S2012: and screening the N undetermined attributes of each telephone number in the user call behavior data to obtain the attribute characteristics of each telephone number in the user call behavior data.
For example, the N pending attributes of each phone number in the user call behavior data may be filtered according to a preset rule, for example, according to the credibility of each attribute information, each attribute information is sorted from high to low in credibility, and the sorting of the attribute information from high to low may be: user mark information, enterprise authentication information, enterprise yellow page information, telephone blacklist information, telephone white list information, intermediate numbers and common contacts; secondly, according to the reliability ranking of the attribute information, selecting undetermined attributes corresponding to attribute information with highest reliability from the N undetermined attributes of each telephone number in the user call behavior data;
attribute features can be classified into nuisance calls and non-nuisance calls, wherein the attribute features are classified as undetermined attributes of nuisance calls: crank calls, fraud calls, advertising calls and rejected calls, the pending attributes classified as attribute features being non-crank calls are: enterprise phone, priority answering phone, intermediate number phone and common contact phone; and then, obtaining the attribute characteristics of each telephone number in the user call behavior data according to the to-be-determined attribute corresponding to the attribute information with the highest credibility of each telephone number in the division basis and the user call behavior data.

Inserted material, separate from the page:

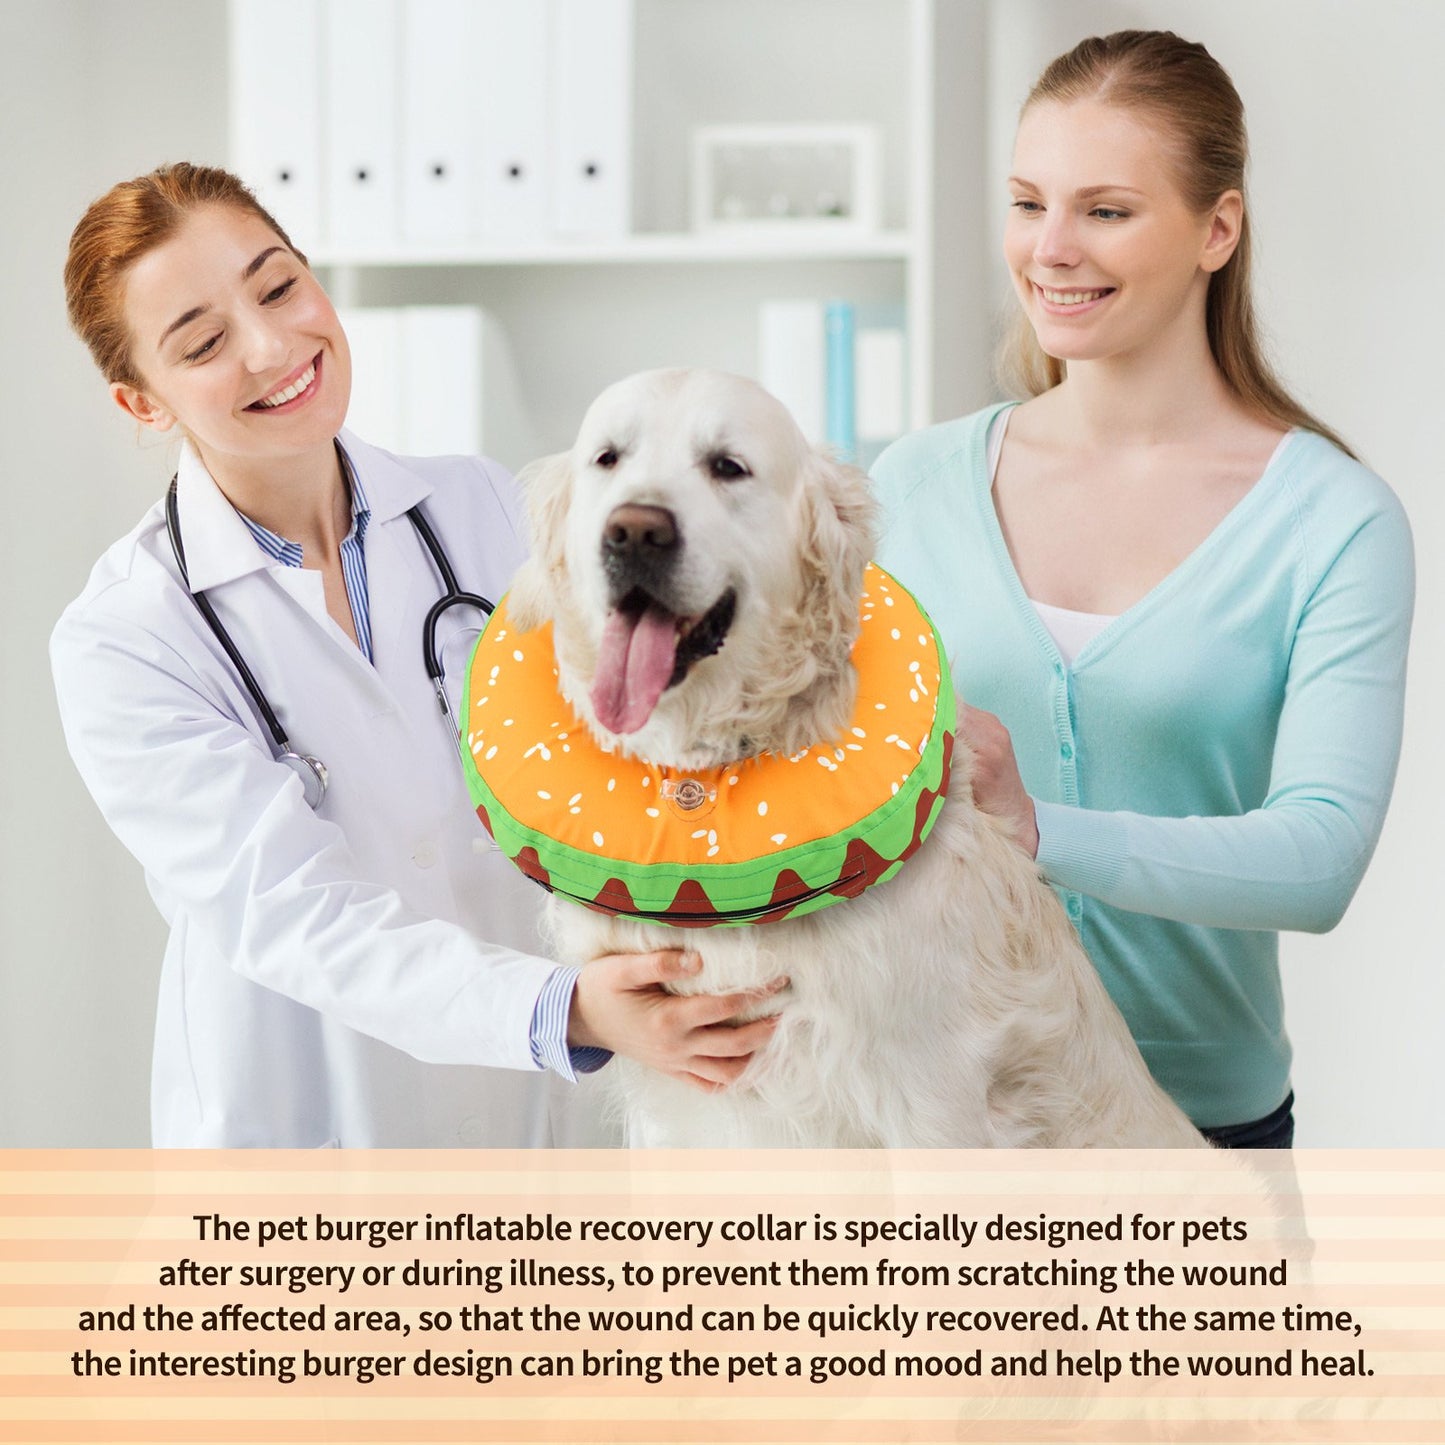 Dog Cone Protective Elizabethan Collar for Dogs Recovery Collar After Surgery Anti-Bite Lick Wound Soft,Inflatable ,Comfortable Cone of Shame for Medium Dogs-L

Further, when each undetermined attribute is divided into a crank call or a non-crank call, the repeated occurrence frequency of each undetermined attribute can be counted, when the occurrence frequency of any undetermined attribute divided into crank calls is not smaller than a preset frequency threshold, the undetermined attribute is determined to be a crank call, and otherwise, the undetermined attribute is re-divided into a non-crank call.
Step S202: and performing data cleaning on the call behavior characteristics of all the telephone numbers in the user call behavior data to obtain the call behavior characteristics of all the telephone numbers in the cleaned user call behavior data.
In practical implementation, limited user call behavior data are classified arbitrarily to obtain a lot of user call behavior features, but not all call behavior features are beneficial to machine learning model training, so that data cleaning needs to be performed on the obtained call behavior features, wherein the data cleaning refers to finding and correcting recognizable errors in a data file, and the data cleaning includes checking data consistency, processing invalid values, processing missing values and the like.
Illustratively, the data cleansing of the call behavior characteristics of all telephone numbers in the call behavior data of the user may include the following steps:
s2021: deleting invalid columns of call behavior characteristics of all telephone numbers in the call behavior data of the user, wherein the invalid column deletion mainly comprises deleting two types of data, namely deleting a few columns of data in tens of thousands of rows of data, wherein the proportion of any type of data in the historical data in the whole historical data is very small, and the rows of data in the several columns of data are smaller than 1000; and secondly, some data which are irrelevant to the call behavior characteristics in the historical data.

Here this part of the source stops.